Quality Over Quantity

Listen to the podcast of this post by clicking on the player below, and you can also subscribe on AppleSpotify, or Audible. 

I had a great time on the Ailbe Podcast with Rusty Rabon. 

Rusty referred to the opening chapter of my book Shepherd Leadership: The Metrics That Really Matter where I talk about how many of our churches and church leaders are attempting to climb the wrong ladder of success. Rusty noted how many people become frustrated because they are not seeing the success the way that so many people define it.

Before addressing frustrated pastors, I first spoke to the board members that are supporting that pastor. 

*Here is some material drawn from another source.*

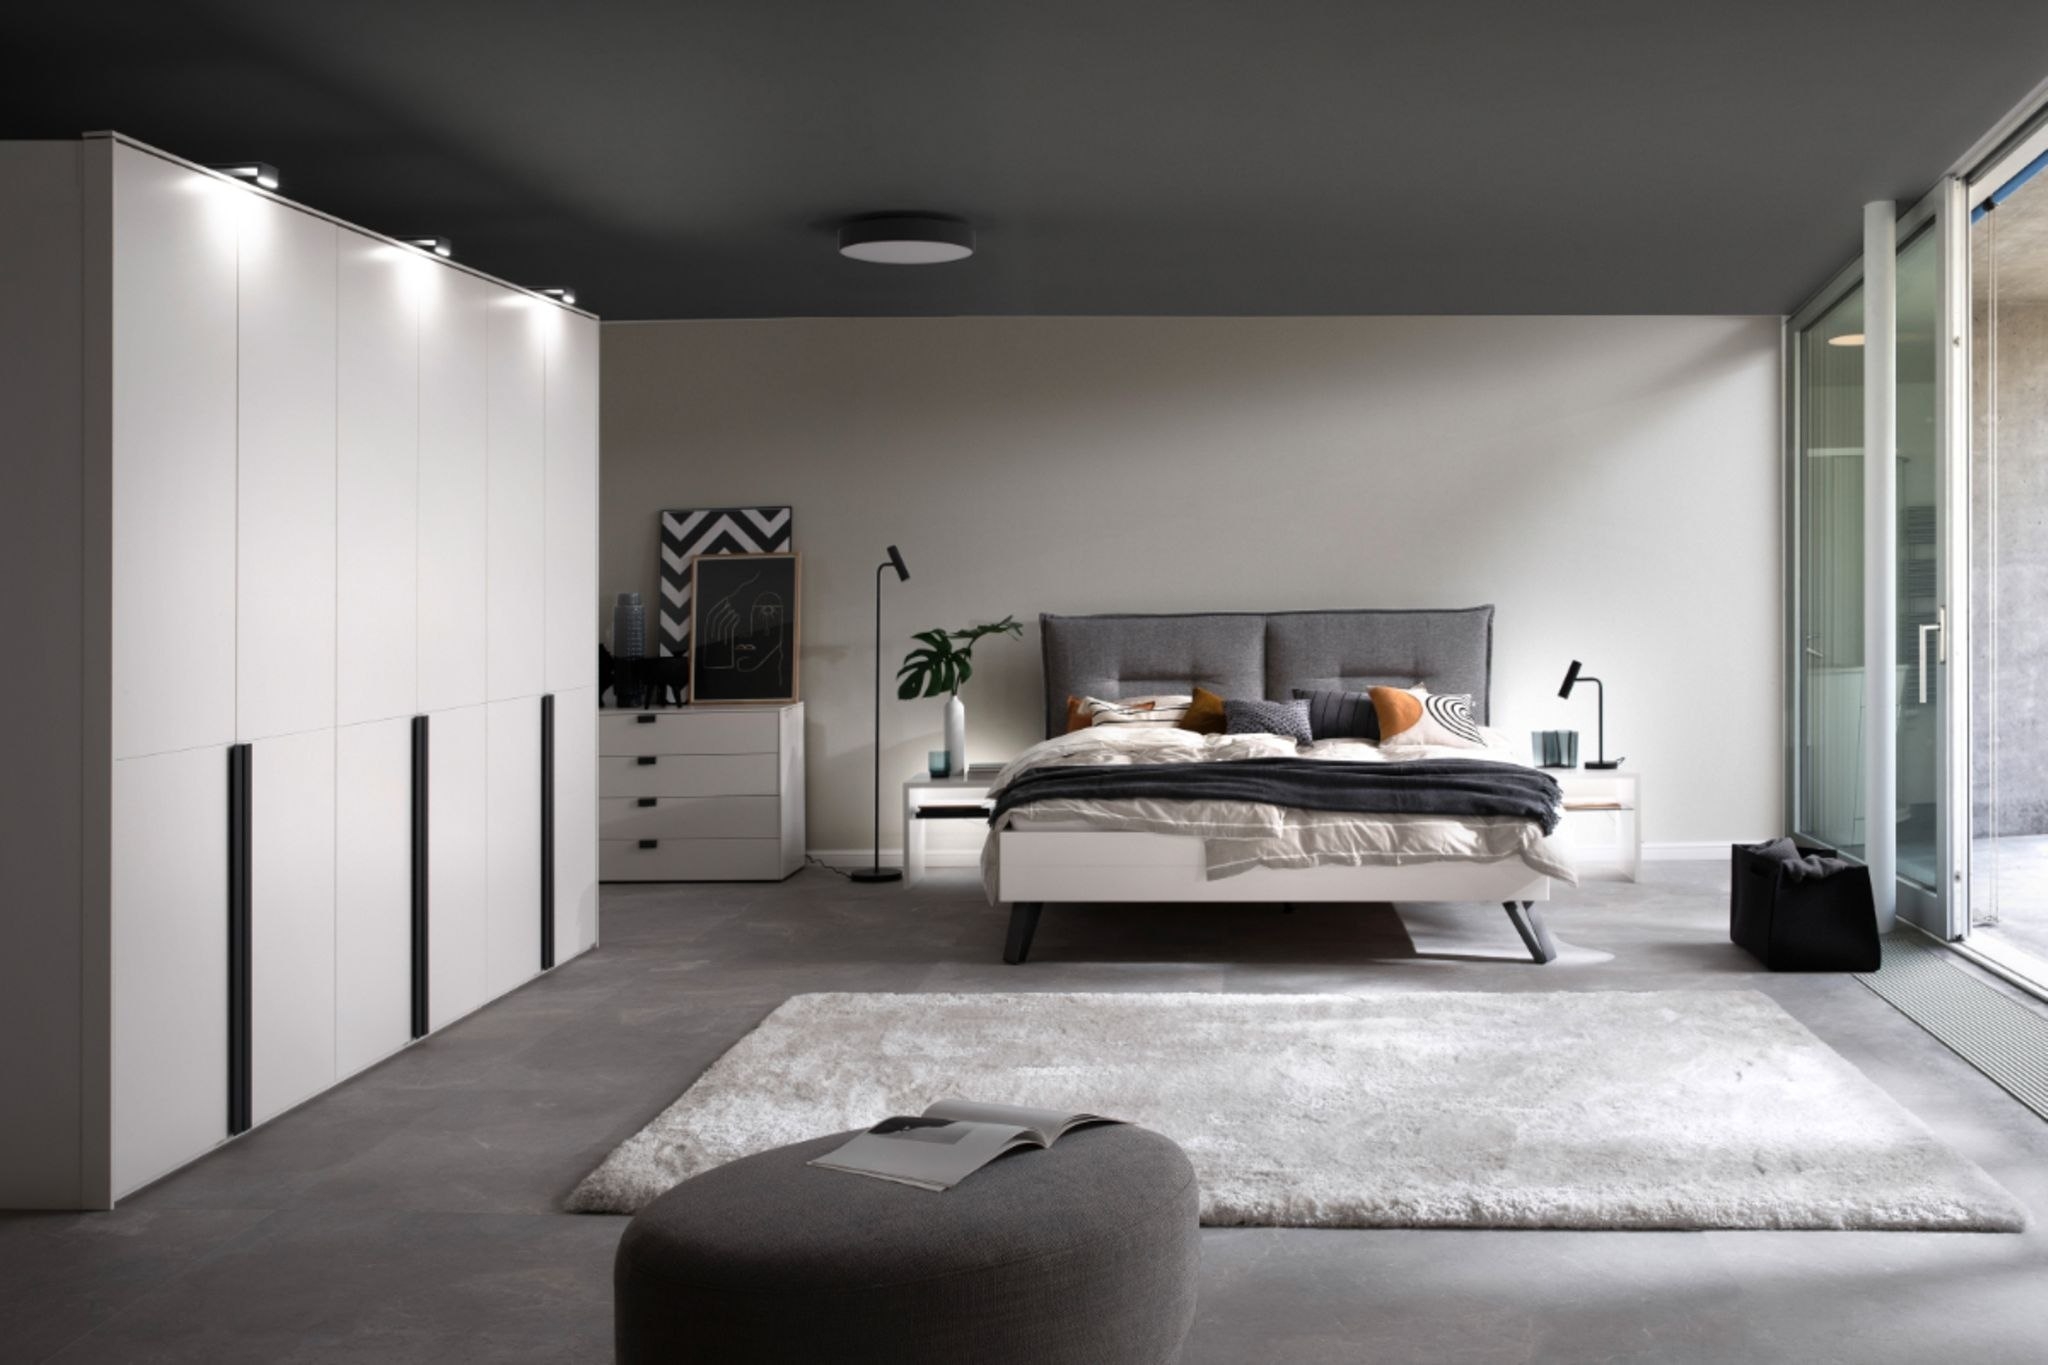 Dunkle Zimmerdecke Im Schlafzimmer - [Schöner Wohnen] with Schlafzimmer Farbe Decke
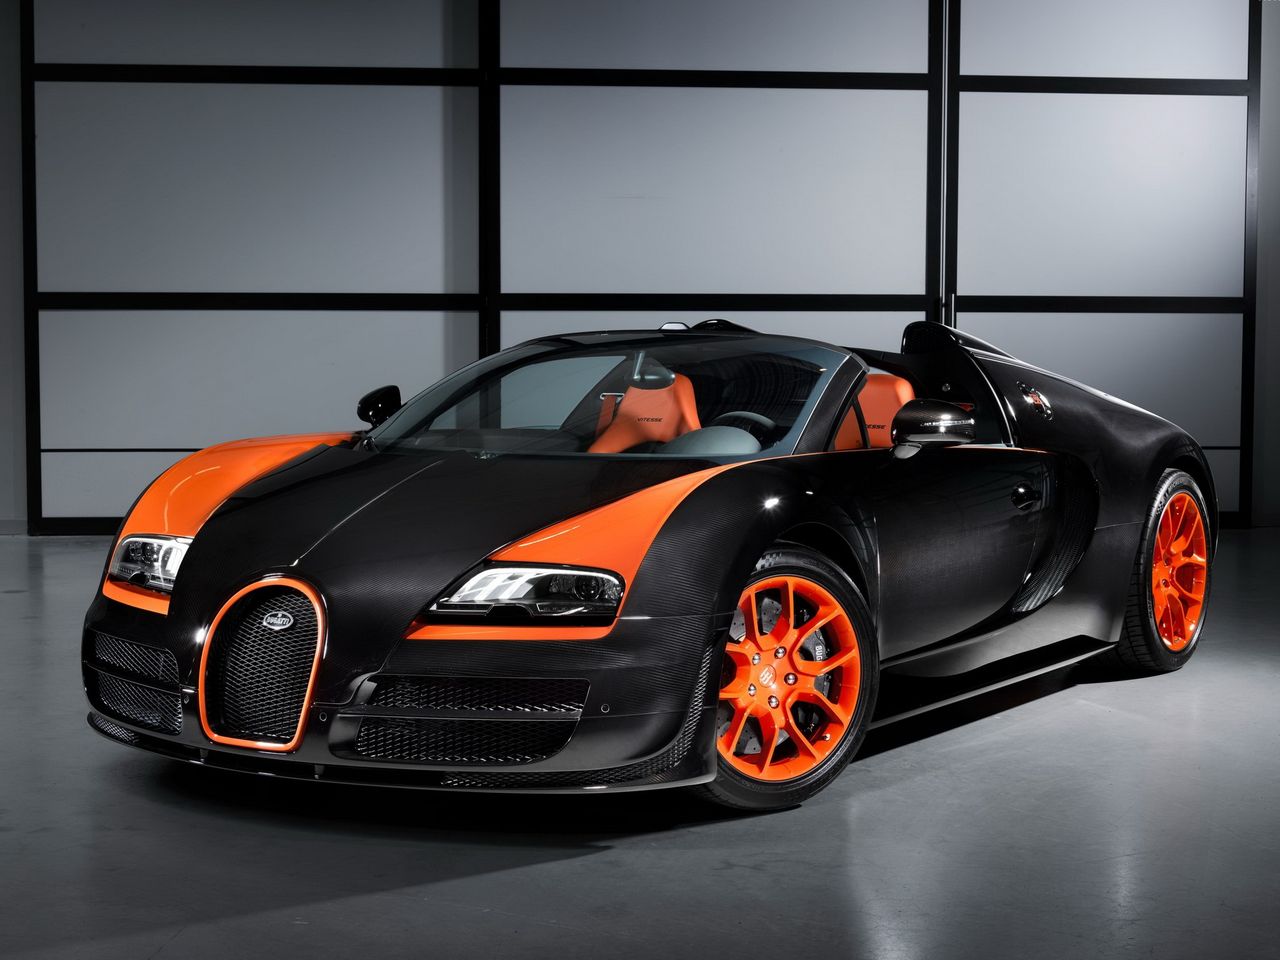 W 2013 roku Bugatti stworzyło Veyrona w barwach czarno-pomarańczowych. Te same kolory co w rekordowym Super Sporcie tym razem trafiły na Vitesse'a. Powstało 8 egzemplarzy tego Grand Sporta. Każdy z nich sprzedano za 1,99 mln euro.

In Shepherd Leadership I wrote,

“Businesses think in terms of quantitative gains—things they can count—but churches and nonprofits should be thinking in terms of qualitative gains—a quality improvement that isn’t as easily counted. I think we all know this, and yet we still persist in wanting to define success in a church or a nonprofit by those quantitative standards such as attendance growth, donations, and the like. When we think qualitative over quantitative, suddenly what seemed “small” is so significant and so valuable that it cannot be calculated!”

I’ll be sharing more clips from this interview soon, so please stay tuned. If you would like to check out the other clips I have already shared from this podcast, please check them out here. Shepherd Leadership: The Metrics That Really Matter is available in print or ebook, and in audiobook through either Audible or Apple.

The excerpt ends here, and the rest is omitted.